WHAT YOU ARE ASKED TO DO:
Return the listing below exactly as it stands. Pictures stay out.

DATA EXTRACT:

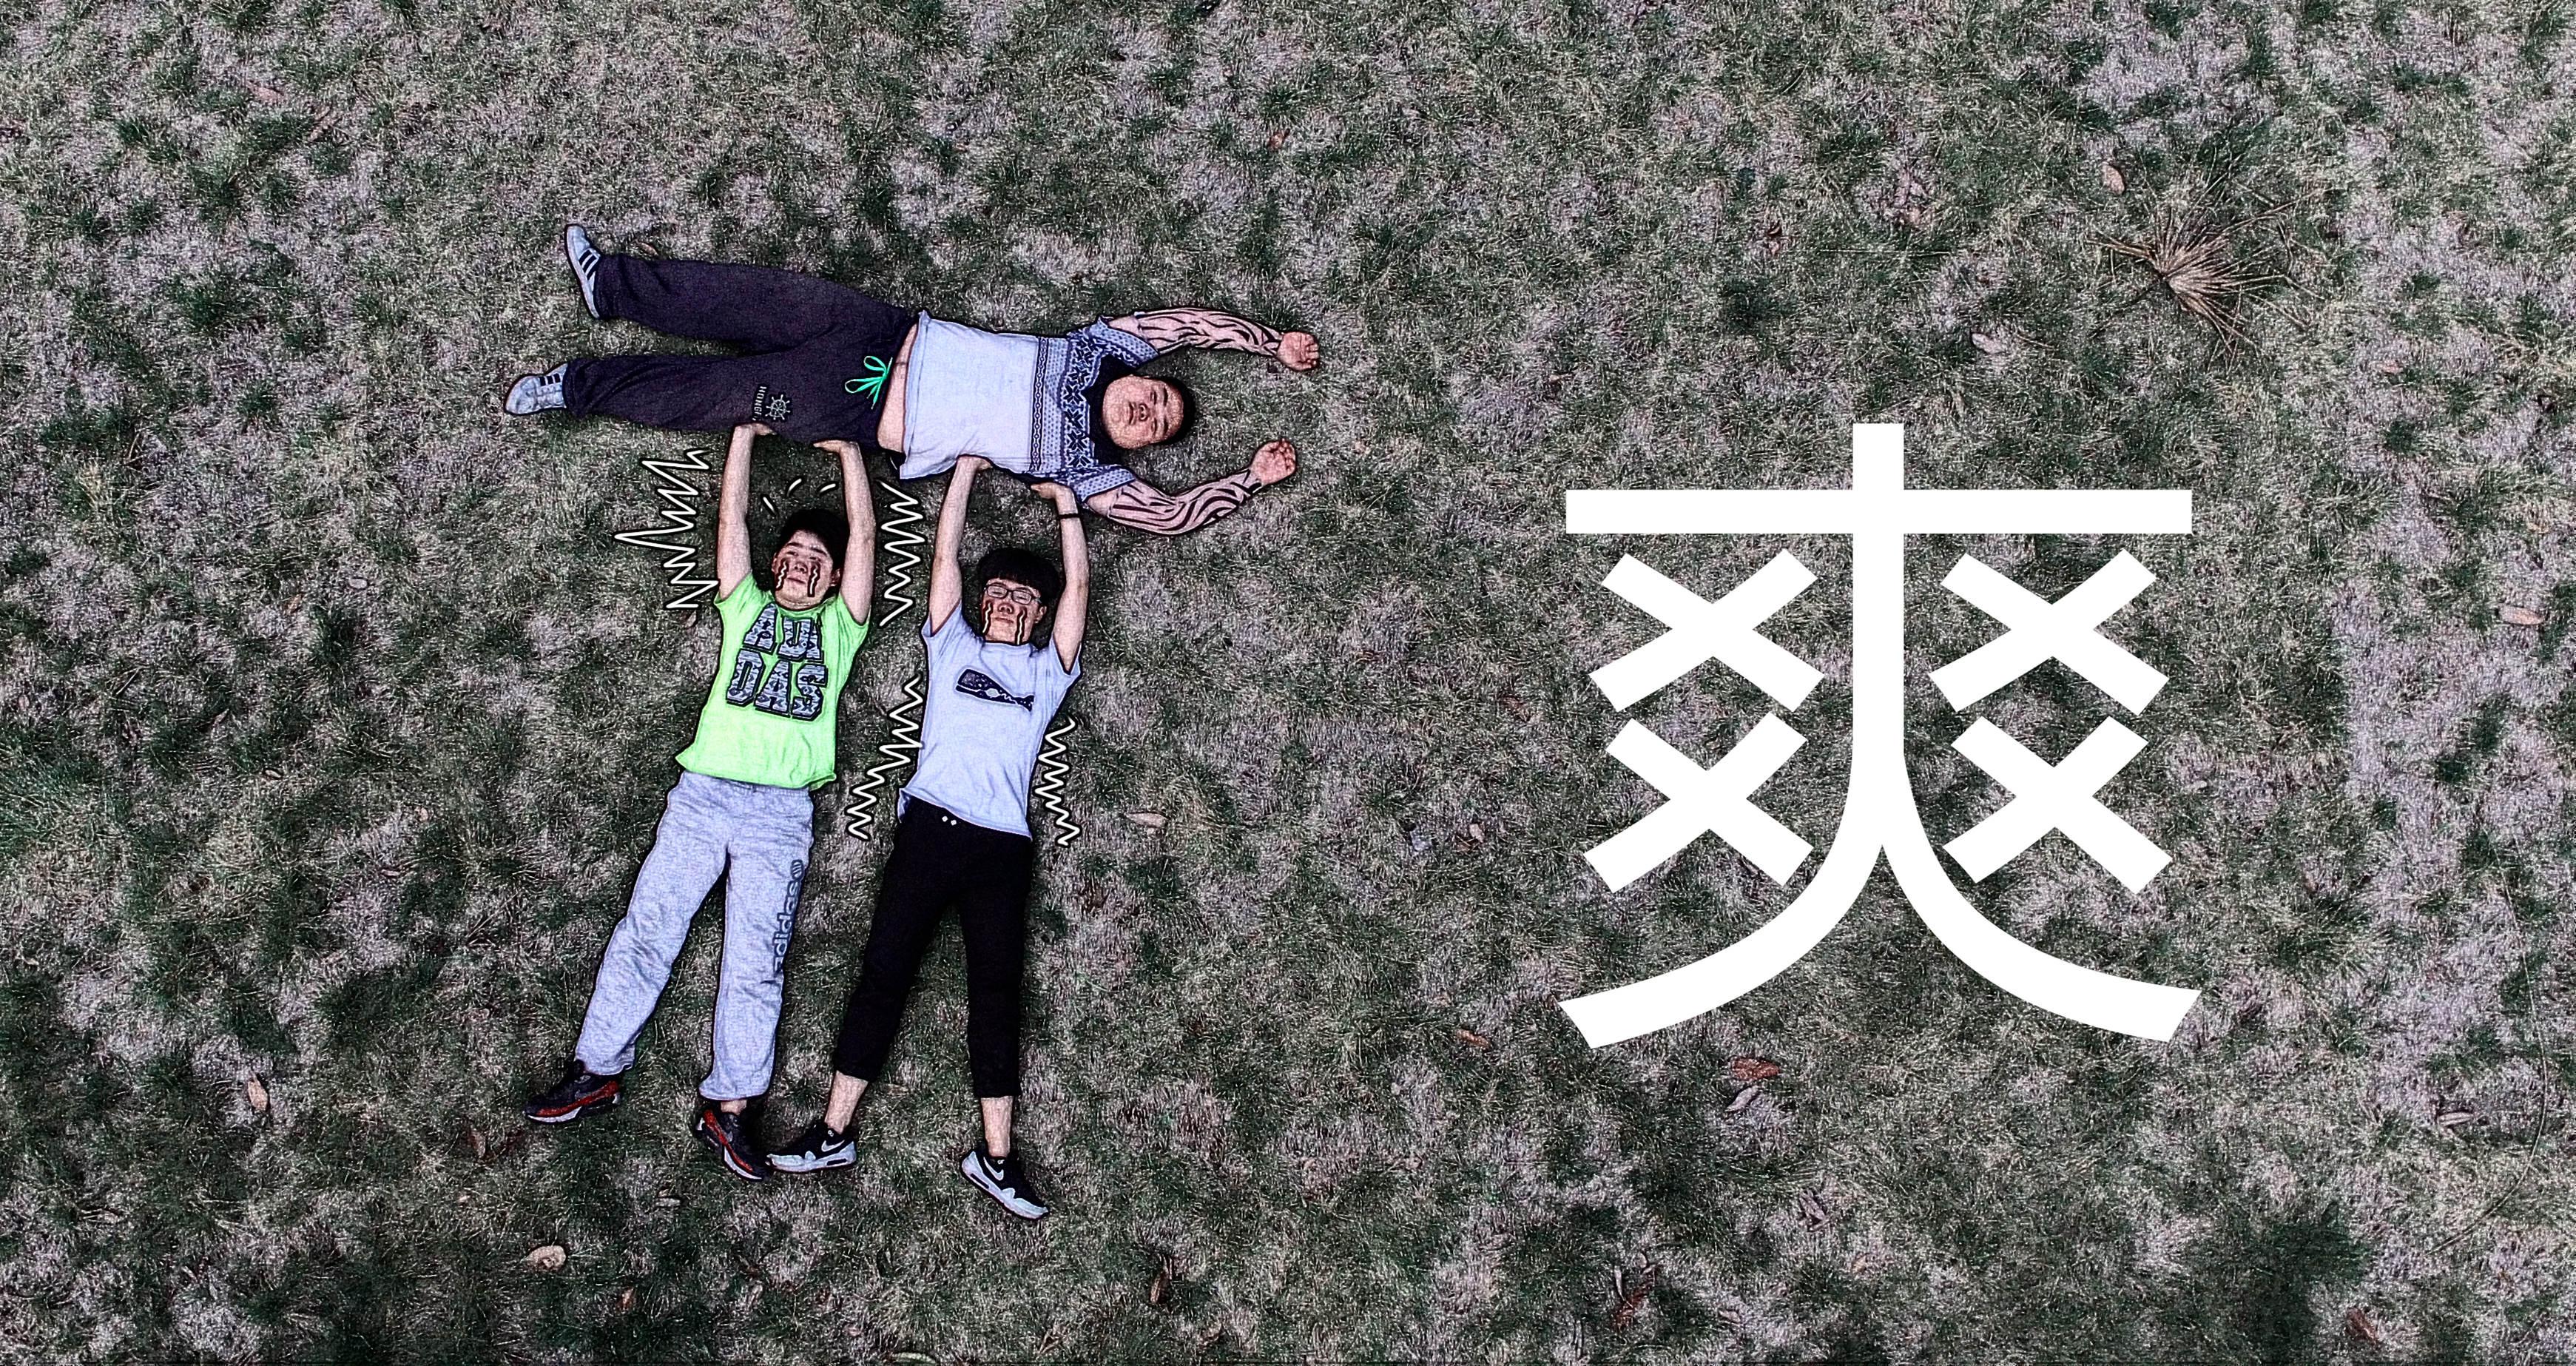 DJI_0382_副本_副本.jpg
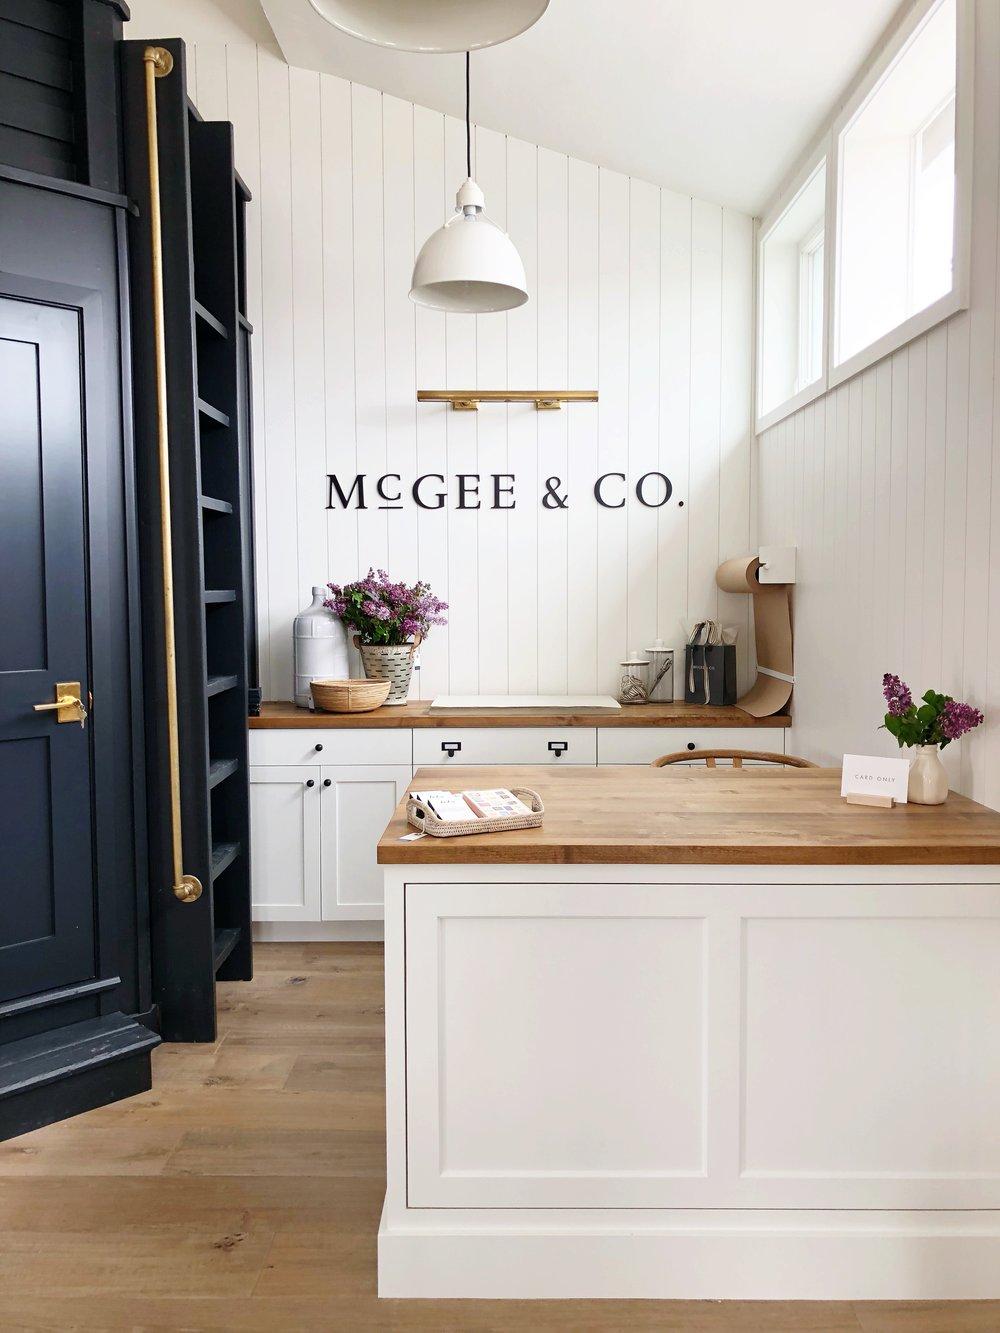 McGee & Co. Shop
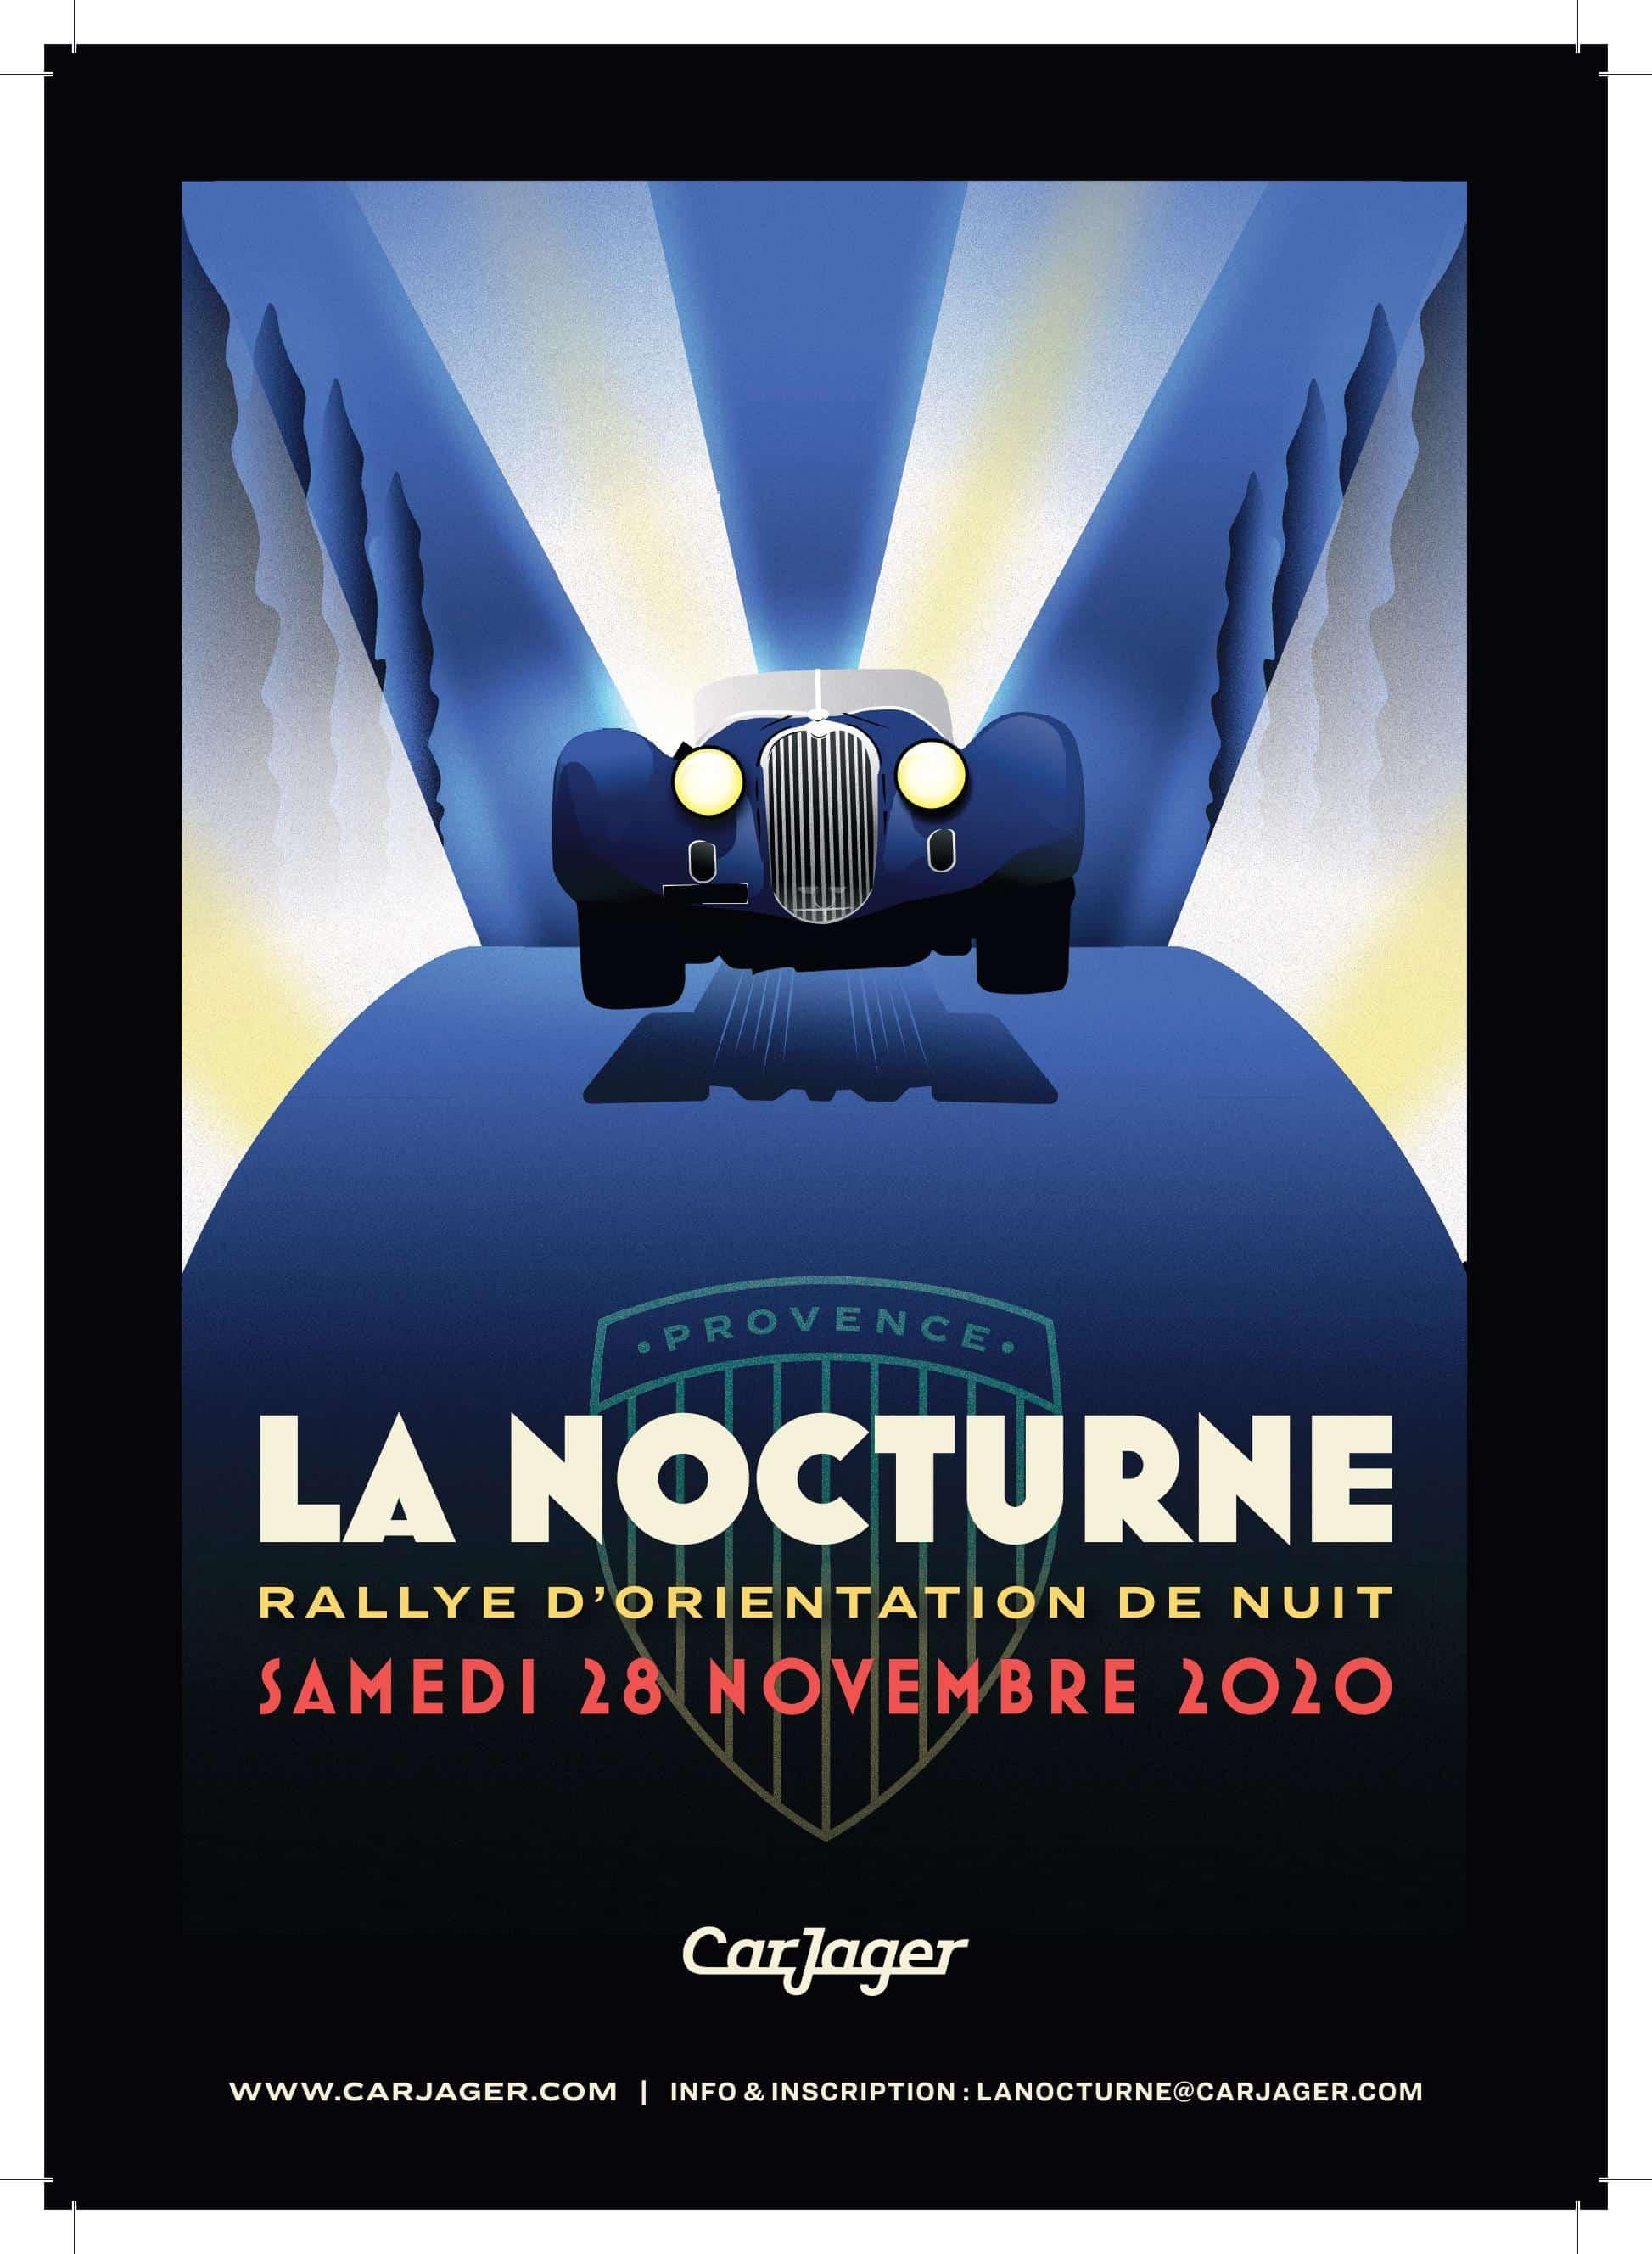 La nocturne by Carjager

RESULT BELOW:
 DJI_0382_副本_副本.jpg
 McGee & Co. Shop
 La nocturne by Carjager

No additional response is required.